● **DATA BLOCK**

▼

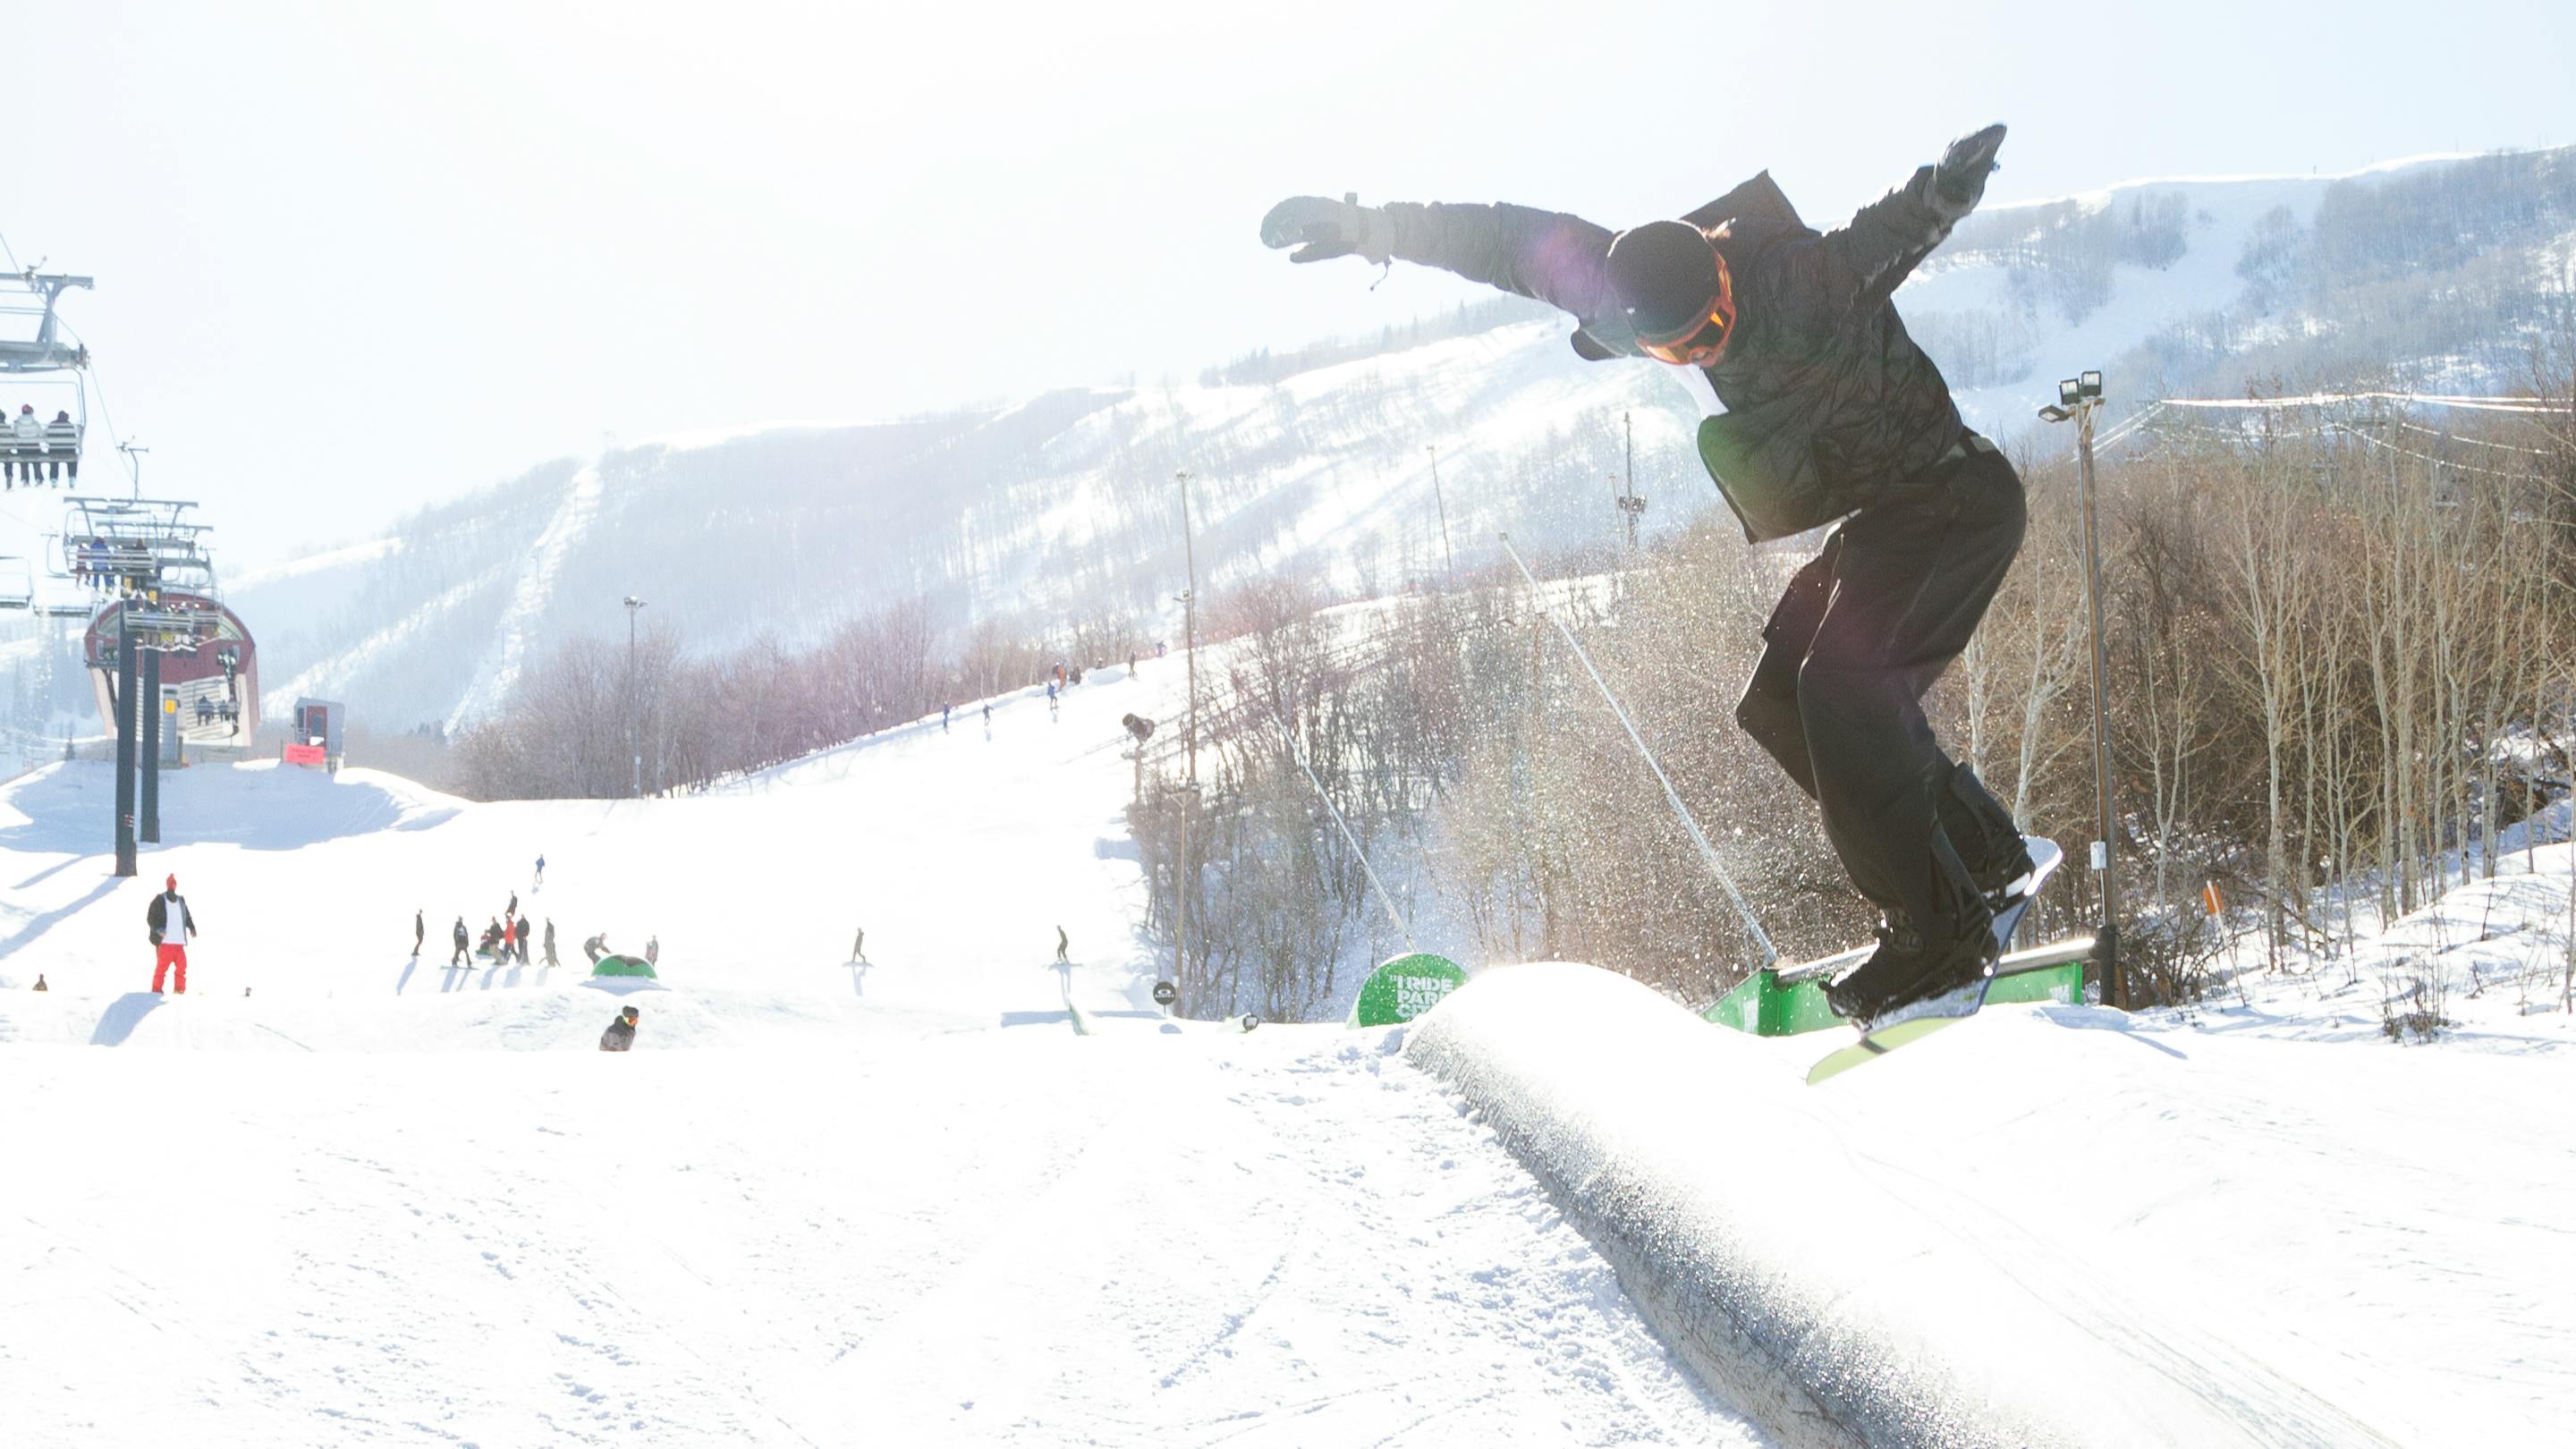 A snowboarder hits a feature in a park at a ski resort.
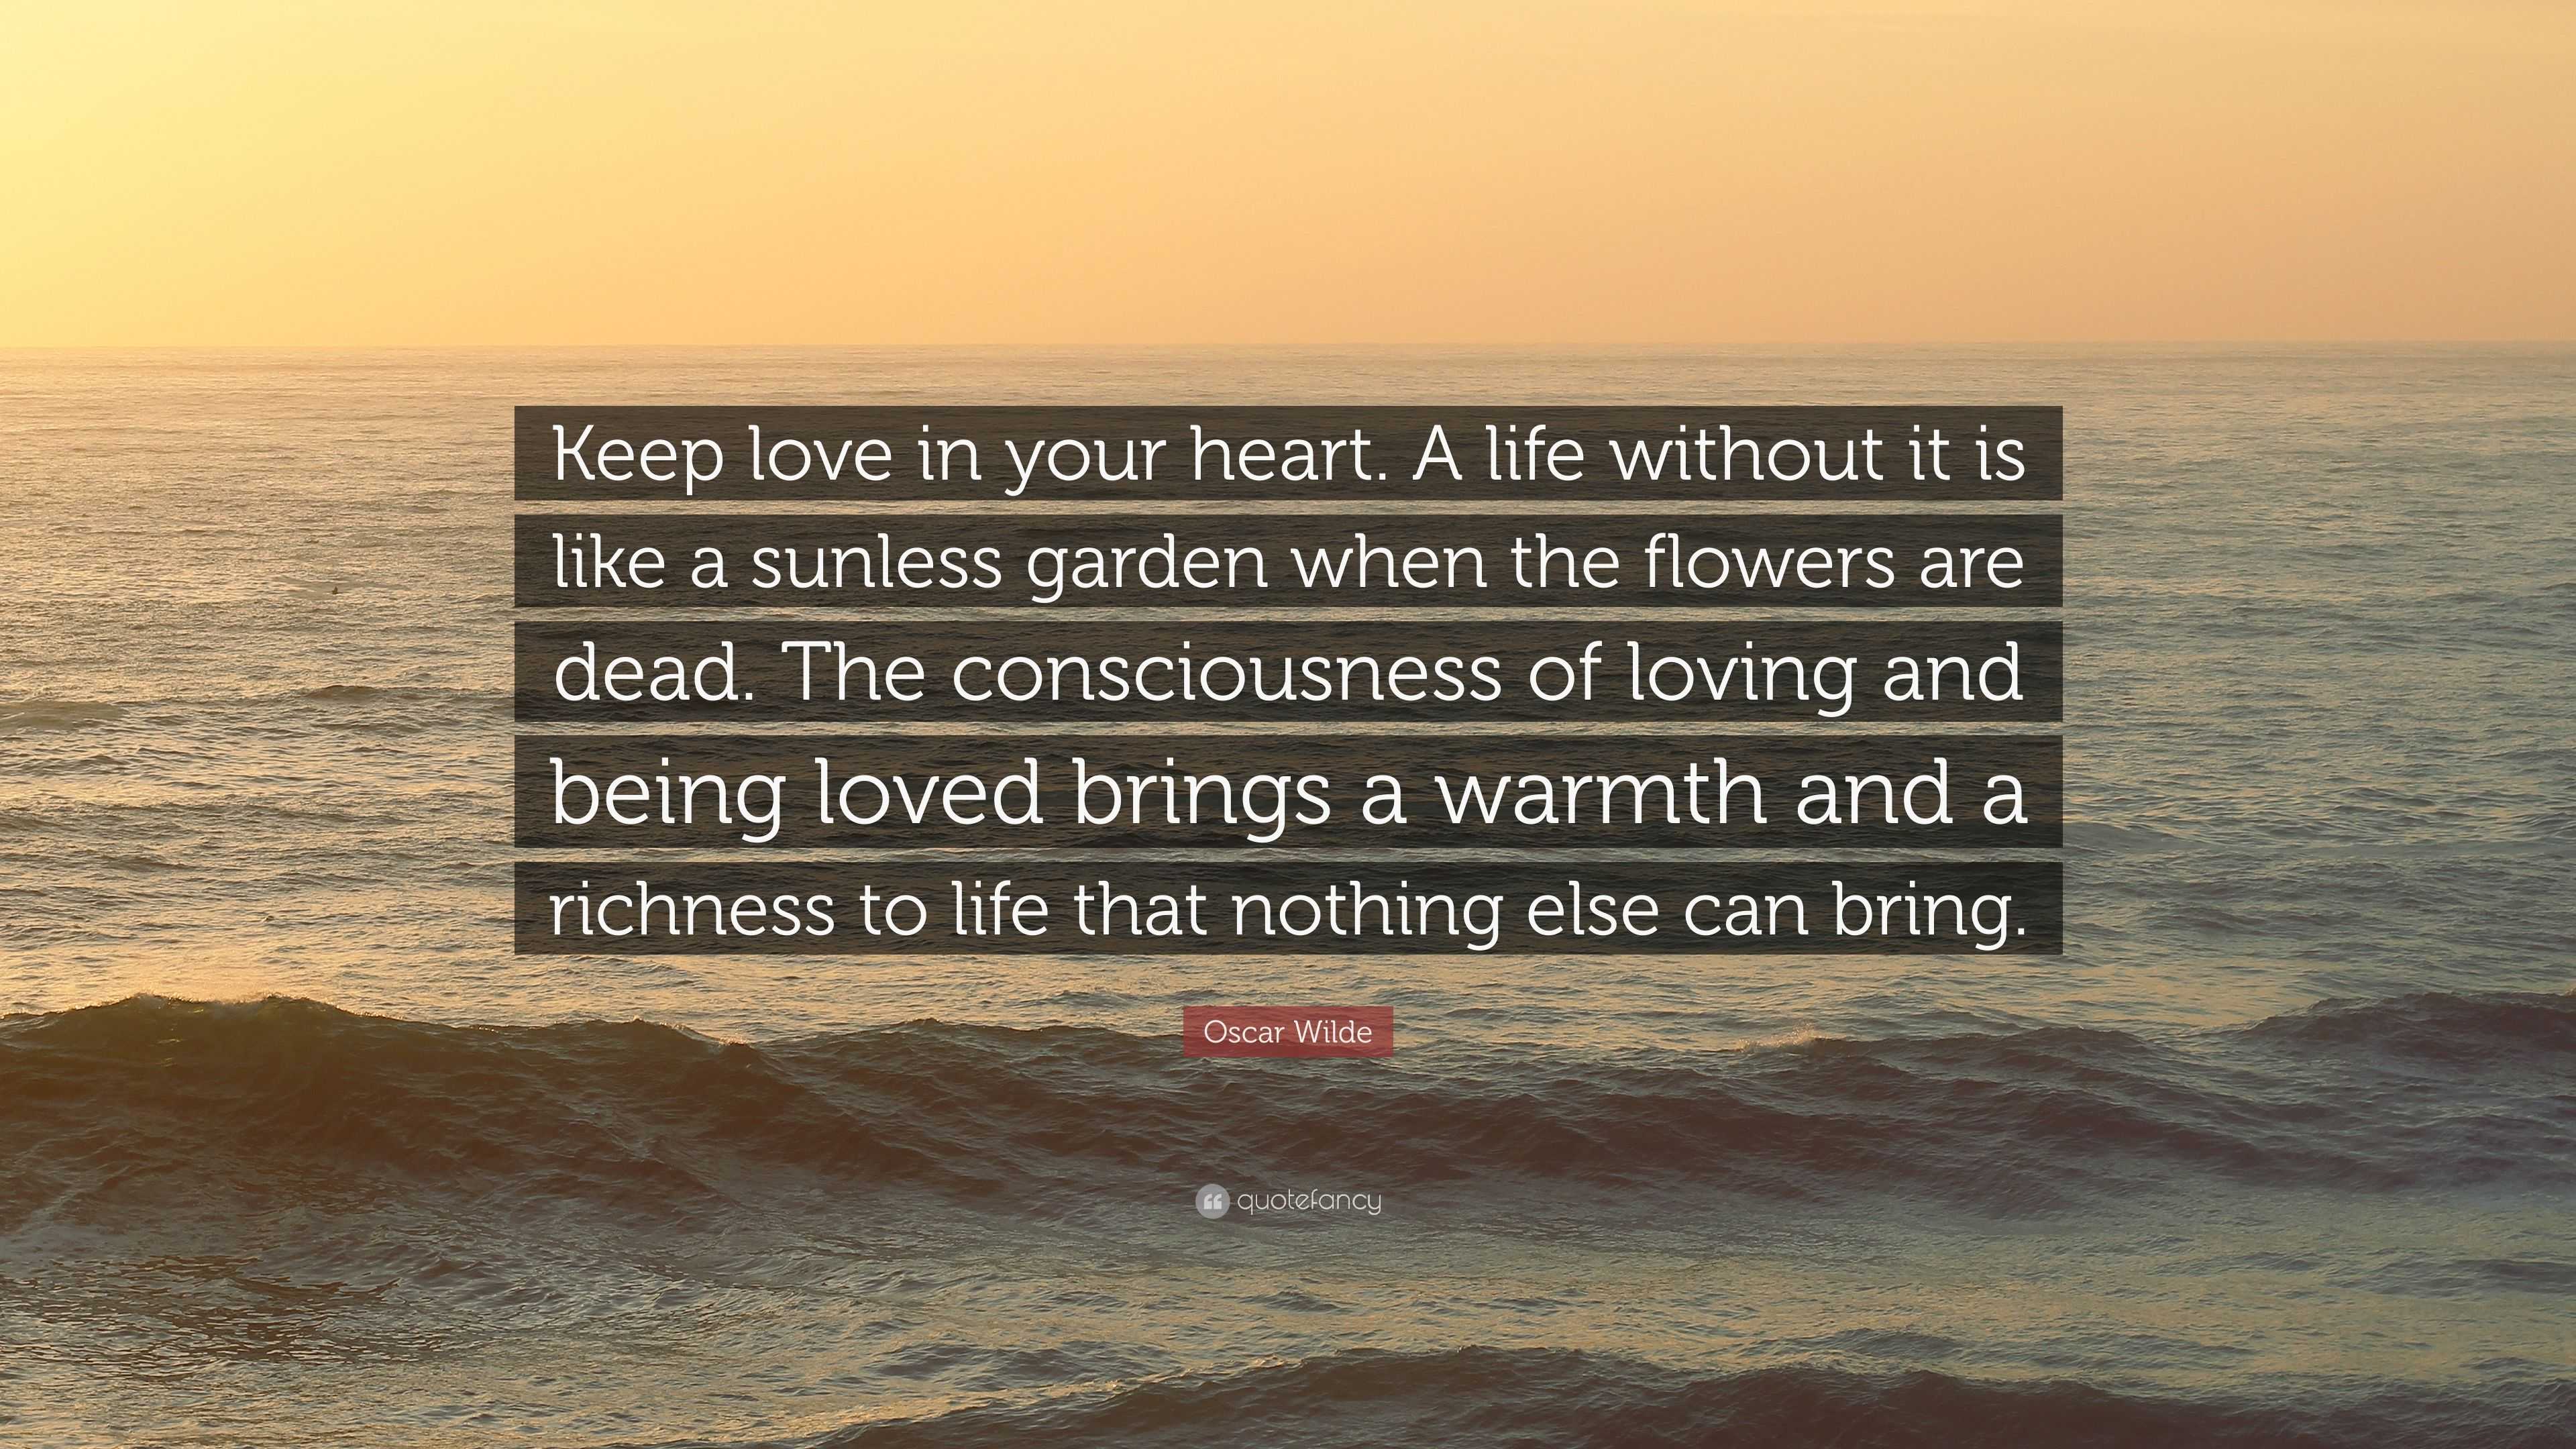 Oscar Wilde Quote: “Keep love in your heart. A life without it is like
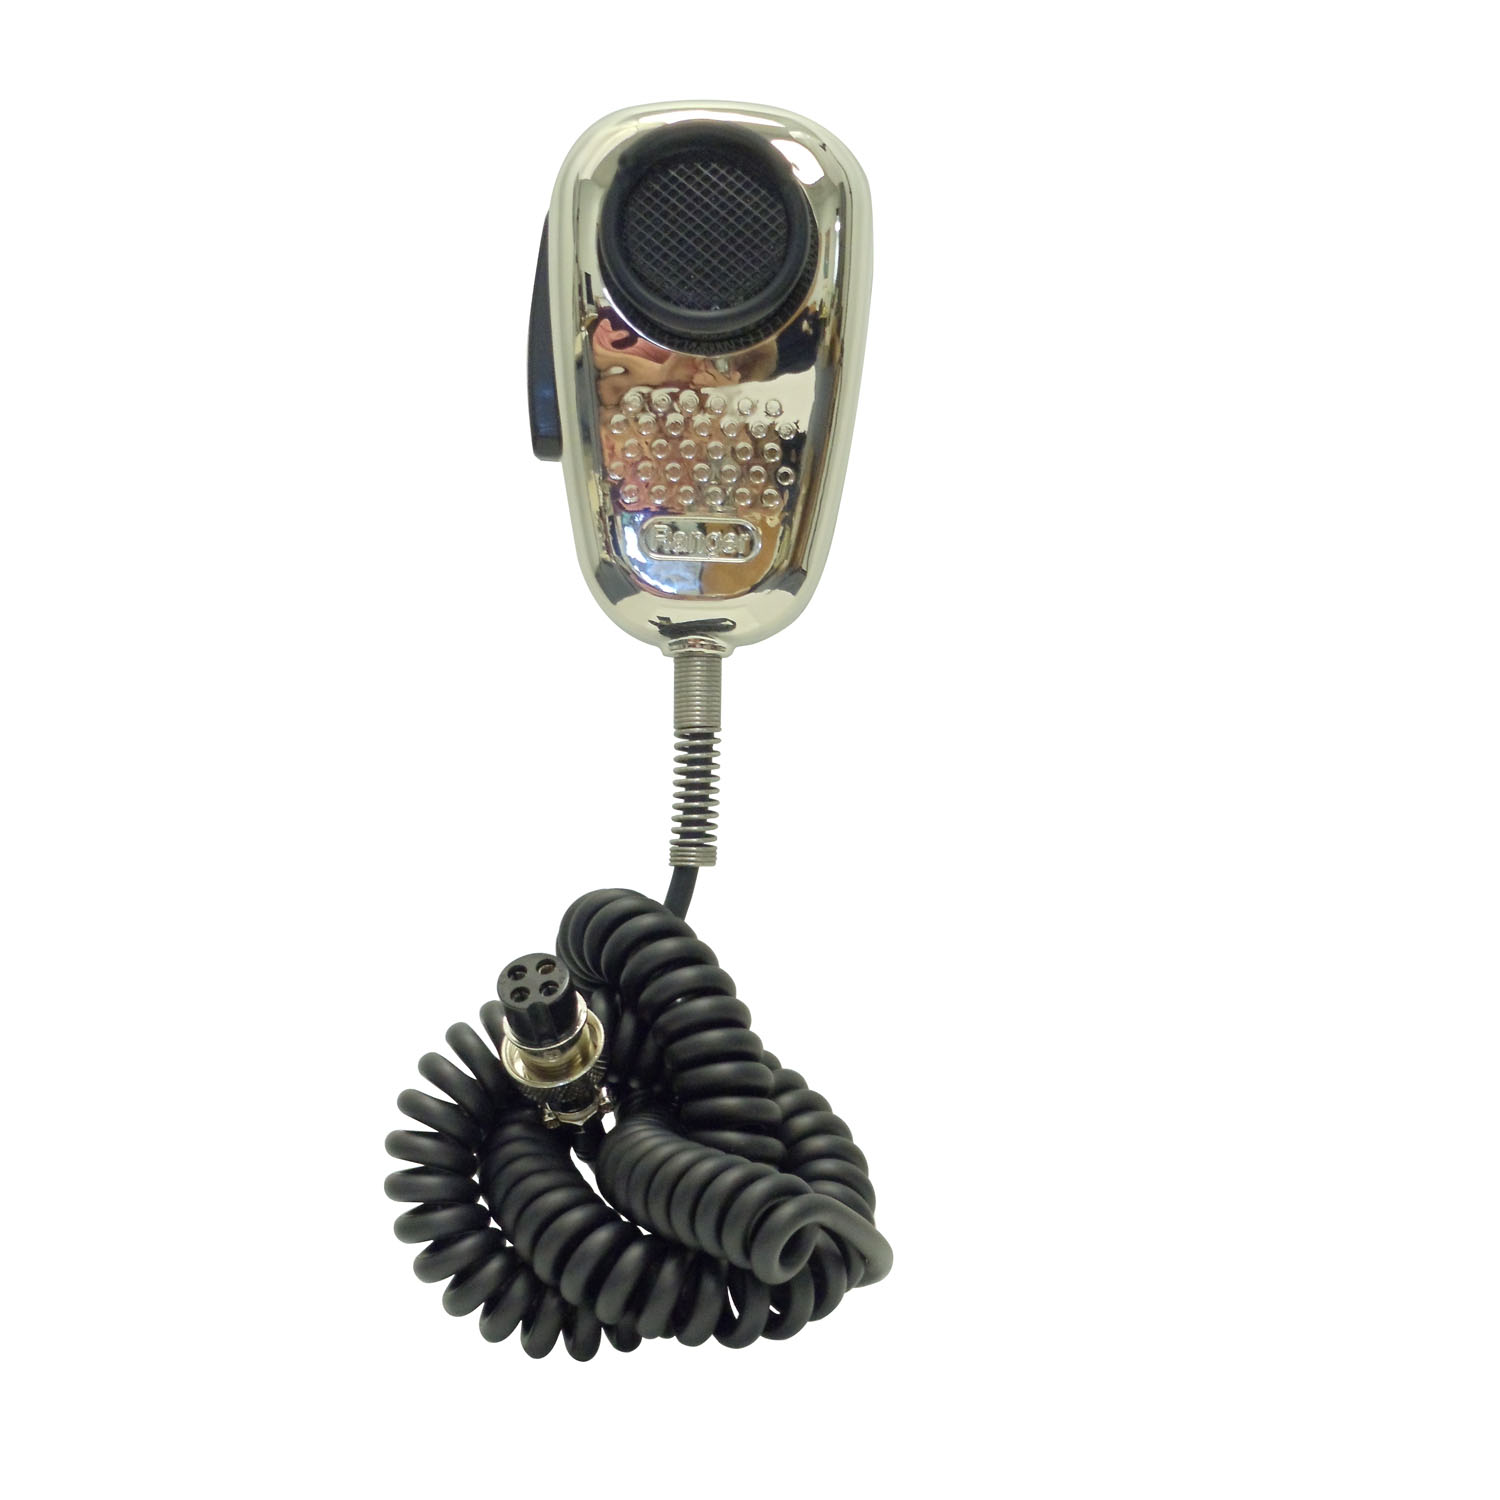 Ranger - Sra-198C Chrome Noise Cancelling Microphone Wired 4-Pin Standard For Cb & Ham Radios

▲

● **EXERCISE INSTRUCTIONS**
Return nothing except the lines from the one containing "without it is like" through the final line of the data, copied exactly. Leave out all pictures.

● **SOLUTION**
 Oscar Wilde Quote: “Keep love in your heart. A life without it is like
 Ranger - Sra-198C Chrome Noise Cancelling Microphone Wired 4-Pin Standard For Cb & Ham Radios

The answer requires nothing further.